Однако ведомо было Василию Никитичу, что грек и плут всегда считался на Руси синонимами: «Был он льстив, потому что был он грек», - говорила одна из знакомых ему летописей об одном епископе-греке. Так и было. Насаждать христианство в далекой и варварской митрополии константинопольского патриархата присылались в большинстве далеко не лучшие люди из греческой иерархии. Опять же стремились поживиться за счет новопросвещенных. А потом греческая иерархия страшно уронила себя в глазах Руси, приняв Флорентийскую унию 1439 года, согласившись на союз православной церкви с католической. В падении царьградских стен перед безбожными агарянами увидели на Руси знак окончательного падения греческого православия.
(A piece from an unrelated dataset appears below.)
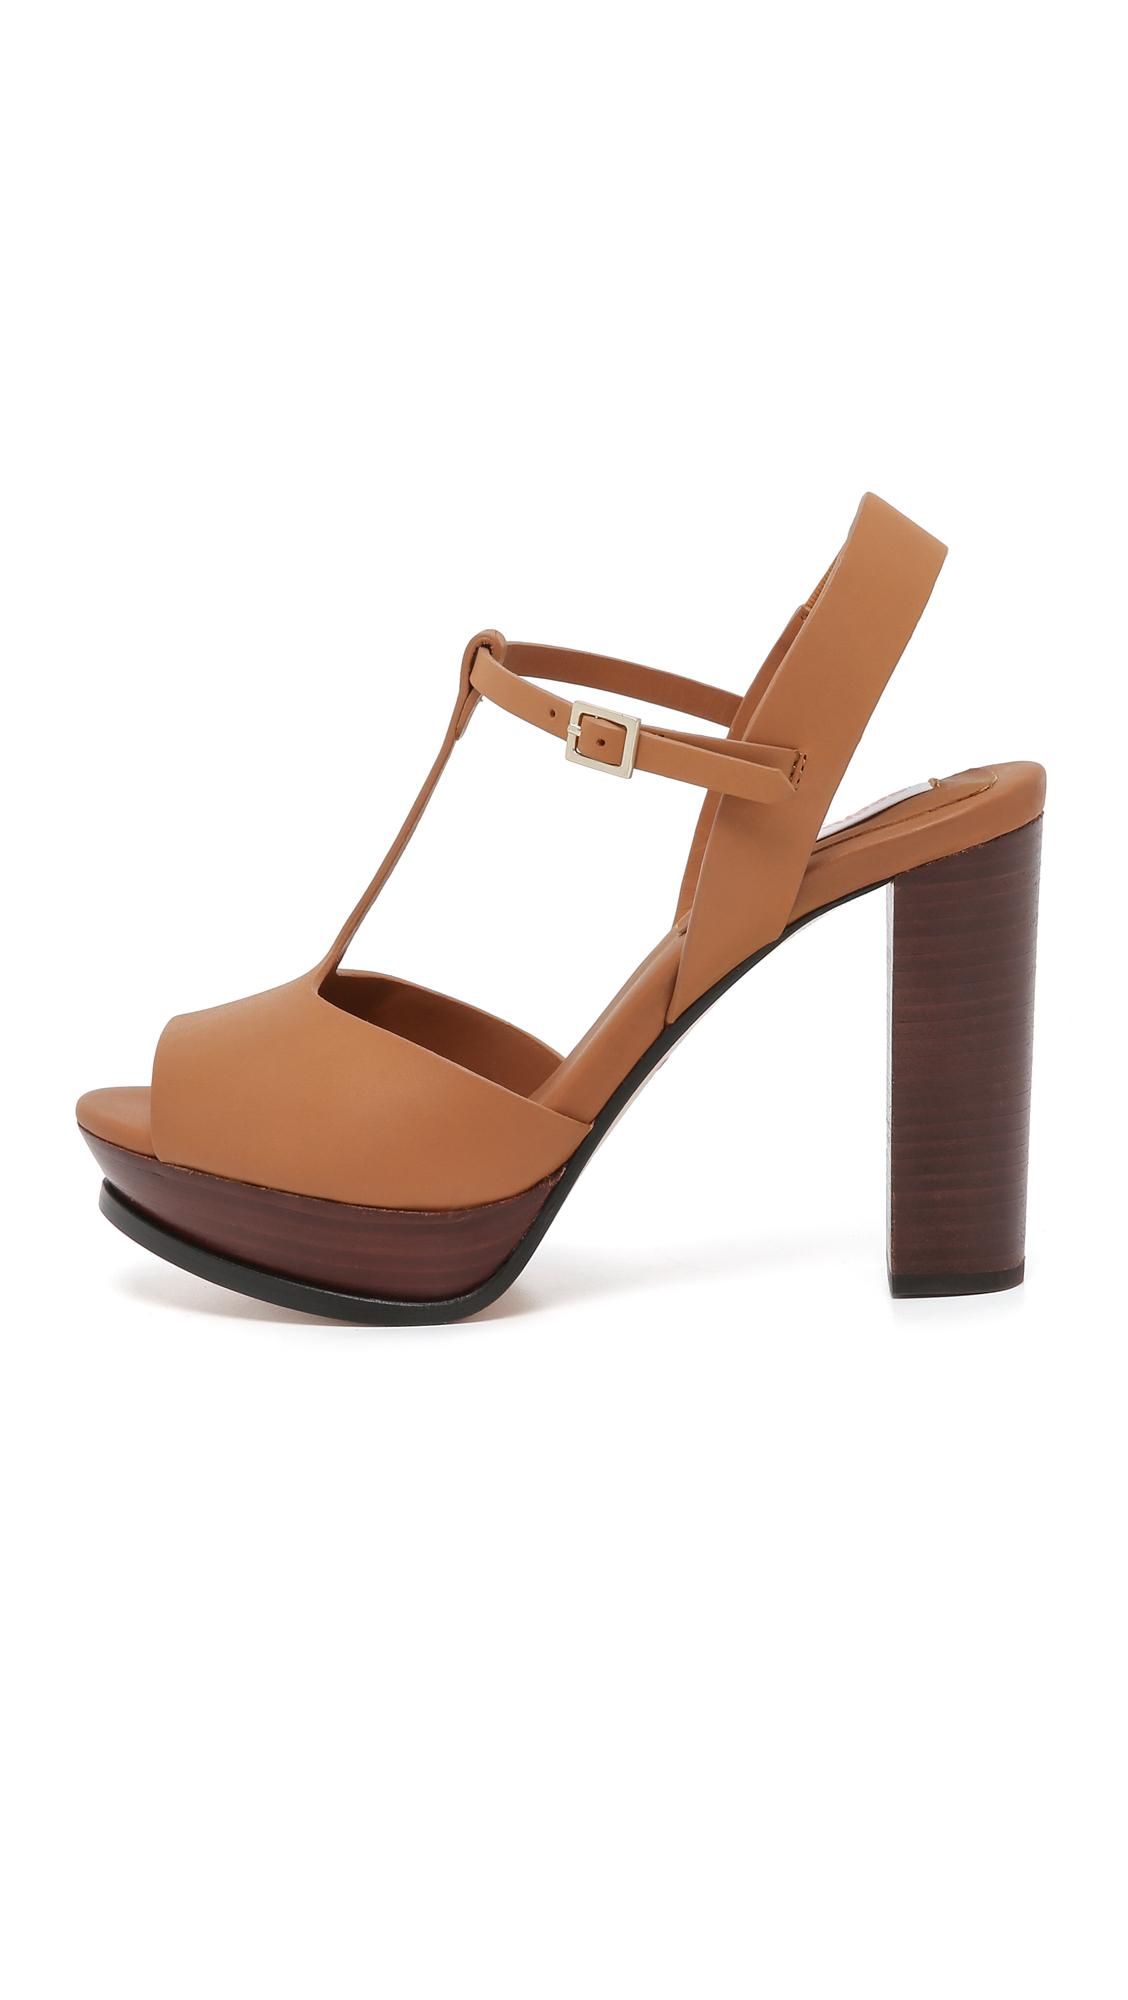 69d6b1c43682 Lyst - See By Chloé Alex Platform Sandals in Brown

Однако, греки они тоже разные были. От начальника Берг-коллегии Якова Брюса, и Голенищева-Кутузова, ныне руководителя Нерчинских сереброплавильных заводов, Татищев знал о серебре на Аргуни. Освоил эти копи первый Иркутский и Нерчинский воевода Иван Власов, дальний родственник Василия Никитича. Породнились они, когда дочь Власова Прасковья вышла замуж за одного из дворян рода Татищевых.
Отец Ивана Власова, грек Евстафий по прибытии в Московию был принят с лаской и записан в дворяне по московскому списку. Сын начал с дипломатического поприща, затем были Пушкарский, Малороссийский приказы, воеводство в Арзамасе, служил на польской границе, в полку князя Голицина в чине стряпчего. Дослужился до стольника и был пожалован землей. Почти два года добирался новый воевода до места своей службы в Иркутск, и почти столько же управлял, пока его не перевели дальше на восток — в Нерчинск.
- Тяжелы были времена Василий Никитич, - делился Иван Власов с родственником на поташном дворе в Москве. Поездил я по дальним окраинам, поколесил. На первой барке через Байкал прошел, крестил маканием бурят, и стали они свои по вере с прозвищем «бурмакины» - крещенные значит. Колонию новую создал, начал железо, соль и серебро добывать. Все бы ничего, да соседи богдойские жить спокойно не давали.
- Не ведали греки, что придется им и Сибирь покорять, да с богдойцами сражаться, - шутил Татищев.
- Да, так уж получилось, что именно грек Александр Левондиад отыскал в Сибири серебряную руду, и ему была пожалована грамота на завод. При Великом Петре это еще было. - Все бы ничего, друг мой сердечный, да мои владения: Нерчинский, Телембинский, Аргунский и Албазинский остроги не с бурятами и местными тунгусами граничили, а с маньчжурами. Огнестрельное оружие, мощная армия. Противник серьёзный.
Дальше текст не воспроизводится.